Question: is this field properly updated? Could it be used instead of RelationGetNumberOfBlocks
which calls lseek.
--
Sincerely Yours,
Denis Perchine
----------------------------------
E-Mail: dyp@perchine.com
HomePage: http://www.perchine.com/dyp/
FidoNet: 2:5000/120.5
----------------------------------
Hello all,
While digging the code I found out quite interesting comment in
src/backend/access/heap/hio.c before function RelationPutHeapTupleAtEnd* Eventually, we should cache the number of blocks in a relation somewhere.
* Until that time, this code will have to do an lseek to determine the number
* of blocks in a relation.As far as I can see there's field rd_nblocks in Relation.
Question: is this field properly updated? Could it be used instead of RelationGetNumberOfBlocks
which calls lseek.
Probably should be kept up-to-date. Currently only vacuum sets it. It
would have to be kept up-to-date for every INSERT/UPDATE that adds a block.
--
Bruce Momjian | http://www.op.net/~candle
pgman@candle.pha.pa.us | (610) 853-3000
+ If your life is a hard drive, | 830 Blythe Avenue
+ Christ can be your backup. | Drexel Hill, Pennsylvania 19026
Question: is this field properly updated? Could it be used instead of RelationGetNumberOfBlocks
which calls lseek.Probably should be kept up-to-date. Currently only vacuum sets it. It
would have to be kept up-to-date for every INSERT/UPDATE that adds a block.
If we can acomplish this it will be quite big speed improvement. I saw lots of such calls
and strace show lots of lseek(,,END) calls. I would do this, but I do not know the code so
well to be sure I will walk through all places.
--
Sincerely Yours,
Denis Perchine
----------------------------------
E-Mail: dyp@perchine.com
HomePage: http://www.perchine.com/dyp/
FidoNet: 2:5000/120.5
----------------------------------
* Eventually, we should cache the number of blocks in a relation somewhere.
* Until that time, this code will have to do an lseek to determine the number
* of blocks in a relation.As far as I can see there's field rd_nblocks in Relation.
Question: is this field properly updated?
No. If it were that easy, this problem would have been fixed long ago.
The problem with the relcache field is that it's backend-local, so it's
not going to get updated when some other backend extends the relation.
We do use rd_nblocks to cache the last table length determined from
lseek, but that can't be trusted in critical cases, like when we are
trying to add a block to the relation.
There has been some talk of keeping a small cache of current relation
lengths in shared memory, but I'm dubious that that'd actually be a win.
In order to save an lseek (which ought to be pretty quick as kernel
calls go) we'd be talking about grabbing a spinlock, searching a shared
hashtable, and releasing a spinlock.

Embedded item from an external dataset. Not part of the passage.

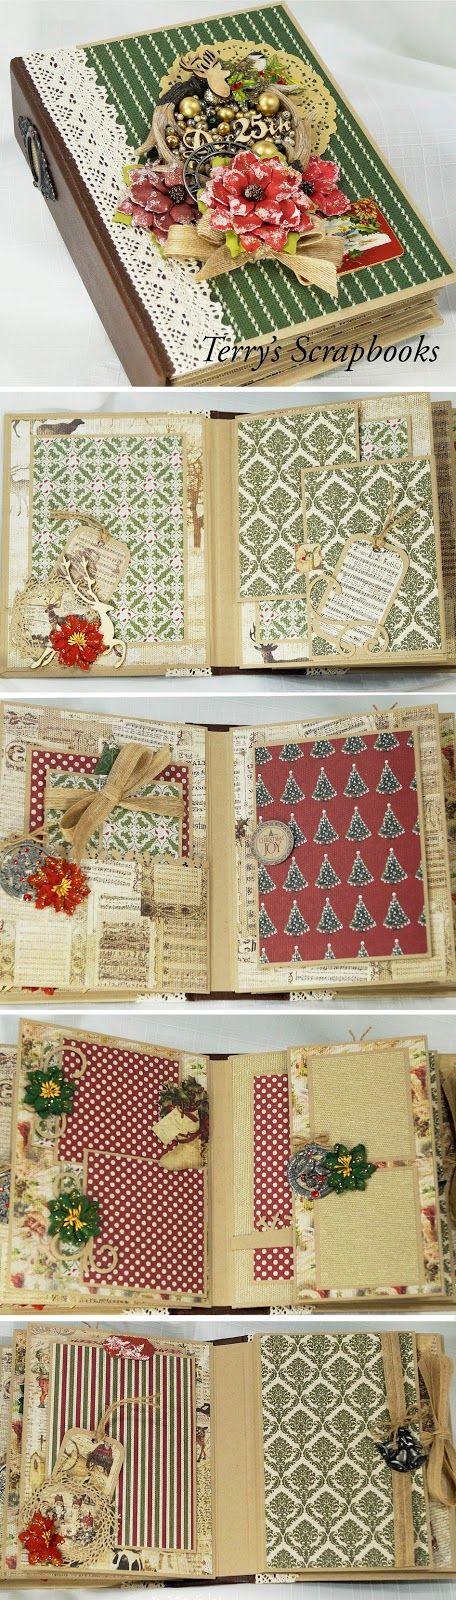 Terry's Scrapbooks: Fabscraps - Christmas joy Mini Album

Spinlock contention on this
heavily used datastructure might well be a problem. Now add the costs
of updating that hashtable every time we extend a relation (or even just
fail to find a relation in it). Not immediately obvious that this is
a net win overall, is it? If it were easier to do, or more obviously
a large performance gain, someone would likely have tried it by now ...
but there is lots of lower-hanging fruit to keep us busy.
regards, tom lane
No. If it were that easy, this problem would have been fixed long ago.
The problem with the relcache field is that it's backend-local, so it's
not going to get updated when some other backend extends the relation.
Sorry. I missed this.
We do use rd_nblocks to cache the last table length determined from
lseek, but that can't be trusted in critical cases, like when we are
trying to add a block to the relation.There has been some talk of keeping a small cache of current relation
lengths in shared memory, but I'm dubious that that'd actually be a win.
In order to save an lseek (which ought to be pretty quick as kernel
calls go) we'd be talking about grabbing a spinlock, searching a shared
hashtable, and releasing a spinlock. Spinlock contention on this
heavily used datastructure might well be a problem. Now add the costs
of updating that hashtable every time we extend a relation (or even just
fail to find a relation in it). Not immediately obvious that this is
a net win overall, is it? If it were easier to do, or more obviously
a large performance gain, someone would likely have tried it by now ...
but there is lots of lower-hanging fruit to keep us busy.
Hard to say what is faster... Lots of testing is needed. You are right.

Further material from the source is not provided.